Realizada desde 2022 na ARCA, em São Paulo, a feira celebra sua 5ª edição, com projetos das cinco regiões do país e incorpora a proposta de expandir suas fronteiras com participantes da América Latina e da Europa. Neste ano marcam presença no evento galerias do Uruguai (Sur), da Argentina (Isla Flotante, Barro e W), da Colômbia (Casa Zirio) e da Itália (Orma). 

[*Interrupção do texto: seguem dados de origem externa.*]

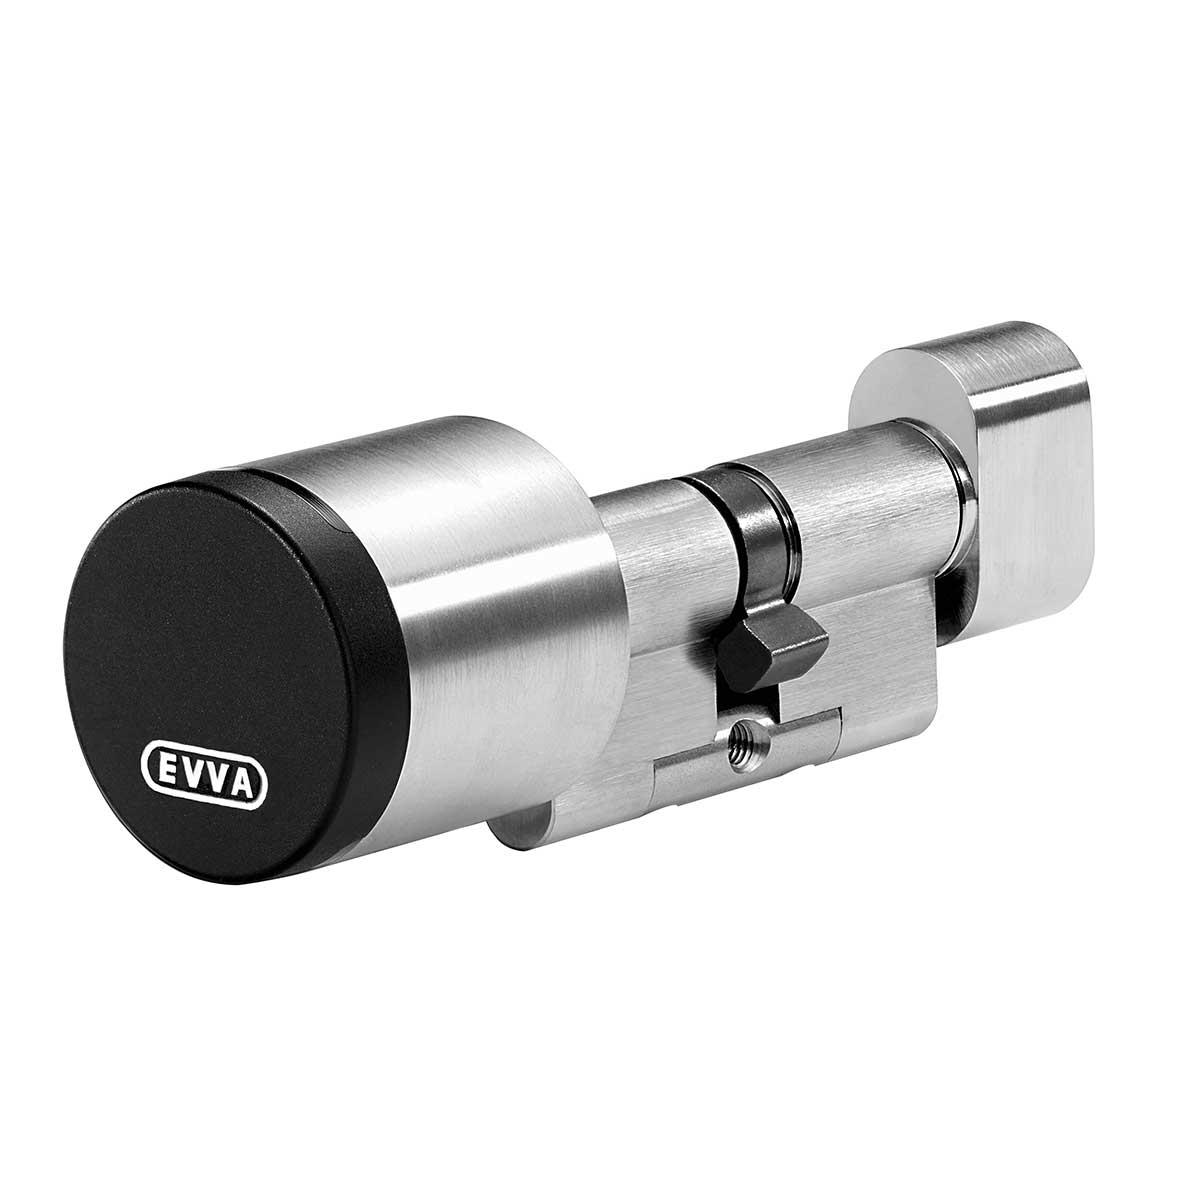 elektrische cilinder slot evva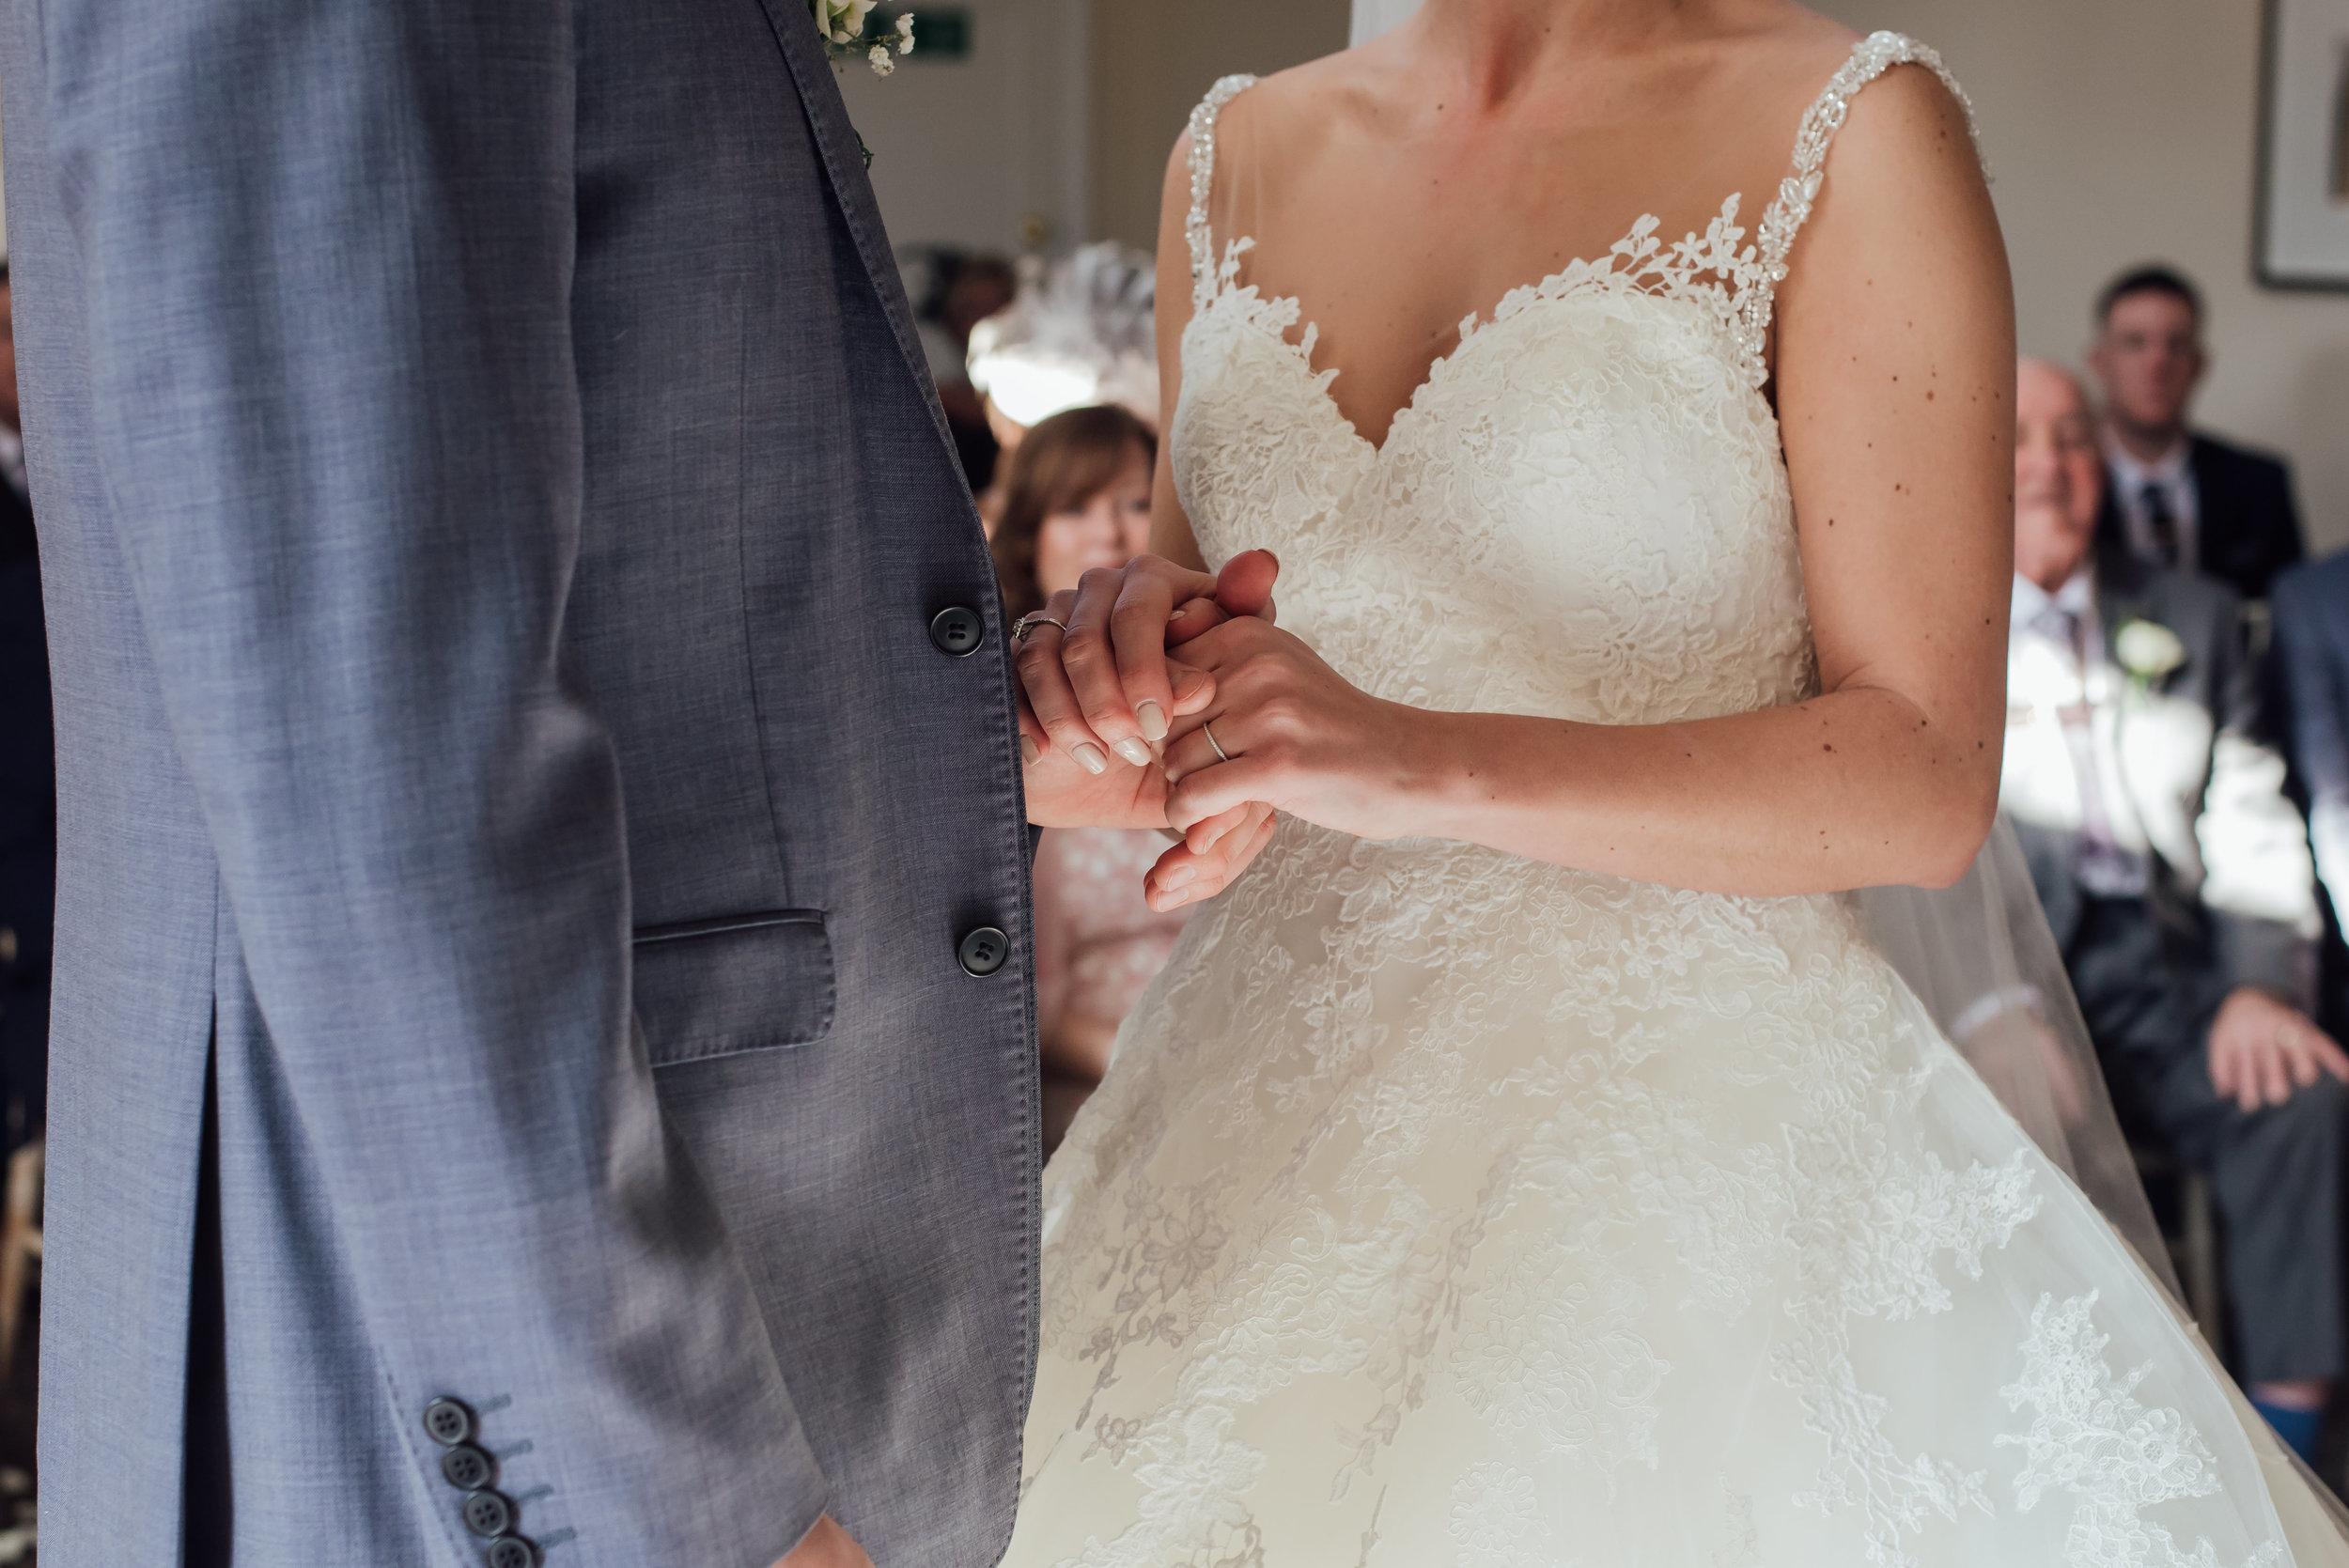 Sarah-Fishlock-Photography-Hampshire-wedding-photographer : fleet-wedding-photographer-fleet : warbrook-house-wedding-venue : warbrook-house-wedding-photographer

Da capital paulista, estarão presentes grandes nomes como Almeida & Dale, Gomide&Co, Vermelho, Luis Maluf, Luciana Brito, entre outros. As galerias das demais regiões do Brasil incluem Flexa (Rio de Janeiro), Paulo Darzé (Salvador), Marco Zero (Recife), Cerrado (Goiás e DF), Leonardo Leal e Cave (Fortaleza), Lima (São Luís) e Bolsa de Arte (Porto Alegre). Vale lembrar que algumas galerias brasileiras irão apresentar obras de seus artistas latino-americanos representados.  

Estande da galeria Bianca Boeckel, na edição 2025. Divulgação/SP-Arte Rotas

Uma feira de descobertas: nomes em ascensão apresentados pela primeira vez, até obras de mestres consagrados vistos por novas perspectivas integram a feira de negócios na qual as galerias são provocadas a idealizar projetos especificamente para a ocasião. A cada ano é celebrado o encontro entre colecionadores nacionais e internacionais, curadores, artistas, galeristas, pesquisadores e apaixonados por arte e cultura. 

A direção artística fica por conta de Bernardo Mosqueira, curador, escritor e pesquisador brasileiro, que atualmente reside em Nova York e desde 2015 é fundador e diretor artístico do Solar, no Rio de Janeiro. É dele a curadoria do setor Mirante que reúne obras que se destacam por sua escala, relevância histórica, singularidade formal ou potência conceitual. Um campo para pensar as múltiplas relações entre os seres humanos e seus entornos.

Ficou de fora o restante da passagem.